Amanda takes that to an art level (rather literally). She talks a lot about trust in her talk, and I think that’s part of letting the other guy say no. Maybe not even so much trusting *them*, but trusting yourself to ask, and to be able to deliver the goods if the answer is yes.
Because don’t get me wrong: asking is scary. It can be a real ego thing. If you ask and are denied, wow, does that mean they don’t love you? That they’re not interested? That you’re a FAILURE? That you will NEVER SUCCEED on the terms you hope to? Or if you ask and you don’t succeed BEYOND YOUR WILDEST DREAMS, does that mean you’re a failure, etc, etc etc?
Really, most of the time? No, it doesn’t mean that at all. Most of the time it means you’ve asked the wrong question of the wrong person or at the wrong time. Case in point: my own Kickstarter had about 500 backers. I have access to, say, 3000 or so distinct individual readers. I asked all those people to throw into the hat, and about a sixth of them responded. I just went and checked: Amanda Palmer’s got 800K followers on Twitter right now. 25K of them supported *her* Kickstarter. That’s a hell of a lot less than a sixth of them. For the rest, my takeaway is that it was the wrong time, the wrong project, the wrong request. One or many of those. (Know why I supported her Kickstarter? Because the video for it was worth five dollars to me. It was charming, delightful, sweet, and wonderful. I haven’t listened to the album. I probably won’t. But in the end, the manner of asking pleased me so greatly that I was happy to help out a little.)

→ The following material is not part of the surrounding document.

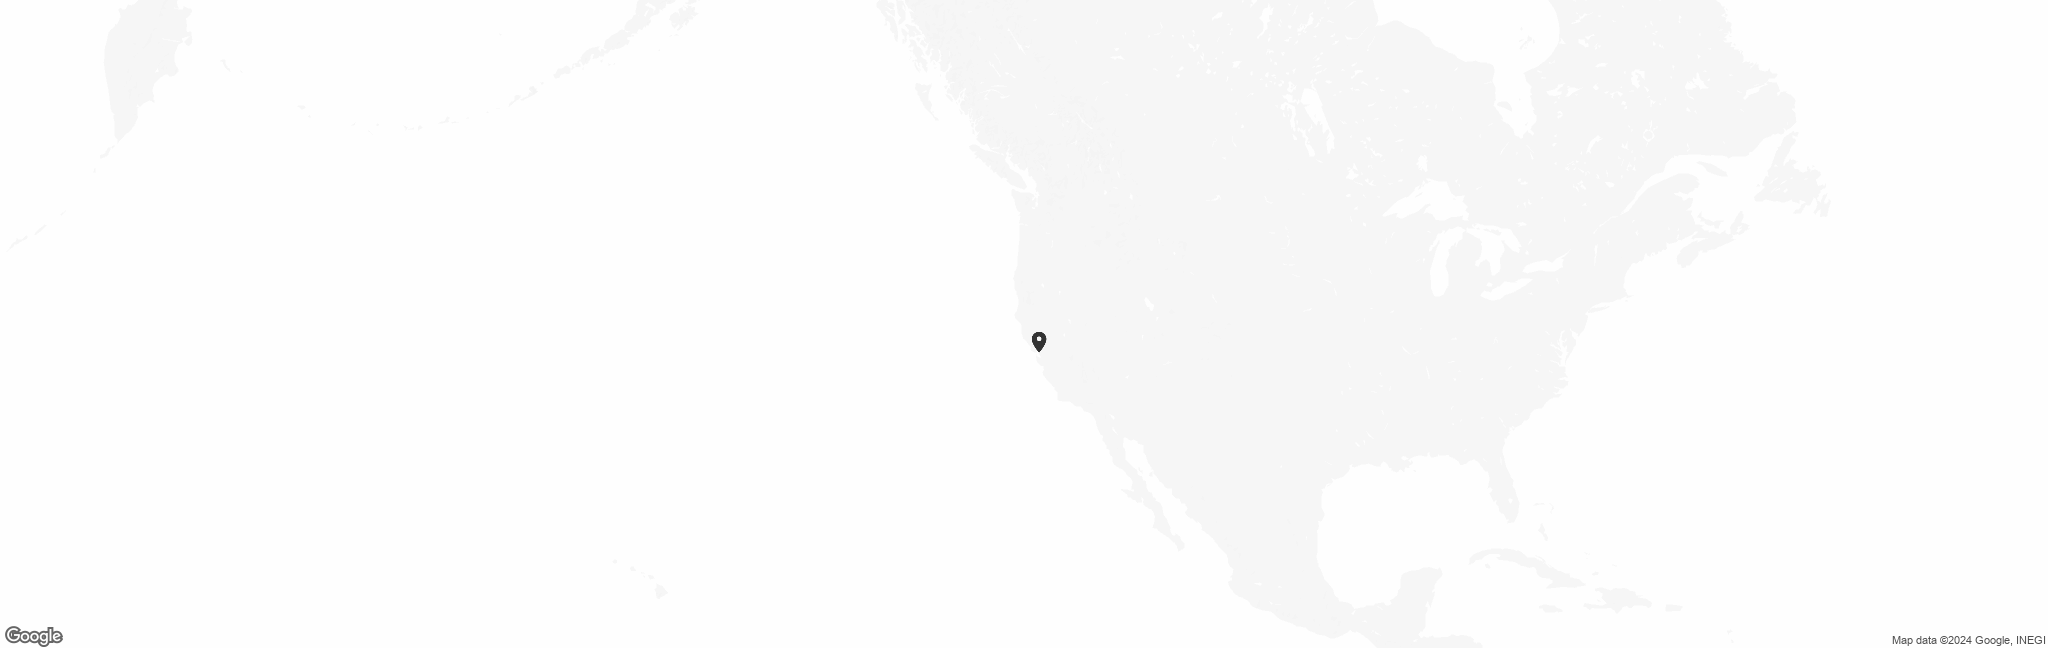 Map of US with pin of Willow Education Foundation (Bay Area Technology School) location

Publishing works this way too. You query, you revise, you ask again and again. You get a lot of rejections. But if you don’t keep asking, you’ll never get to the one person who’s going to say yes, and so you just have to keep letting the other guy say no.
Life works this way. I really believe that. I don’t know if AFP thinks it in so many words, but I’m guessing it’s part of how she works, too. She is hoping–trusting–that if she asks, people will say yes. That they will find a way to respond positively.
An anecdote: when I was in high school, a friend and I wanted to cut class for some reason, and went to ask the teacher if we could do so. On the way, my friend remembered that we had a substitute that day, and said we were never going to be let out of class. “Oh,” I said airily, “that substitute likes me. She’ll let us out.”
My friend stopped dead and snarled, “Jesus, Catie, you think everybody likes you.”
Nigh unto a quarter century later and I’m still bemused by that. Well. Yes. As a rule, I do think everybody likes me, or that they *will* like me if they get to know me, because why wouldn’t they? *I* like me, after all, and I have to live with me all the time, so surely if you have a shorter window of exposure in which I can potentially annoy you, you’ll probably like me too. I mean, I’m aware there are people who *don’t* like me, and that’s all right too, but by and large? Yes. I assume people will and do like me. I expect the best of asking.
If you expect the world to be a positive place, it is far more likely to be a positive place. So go ahead and ask. The worst they can say is no.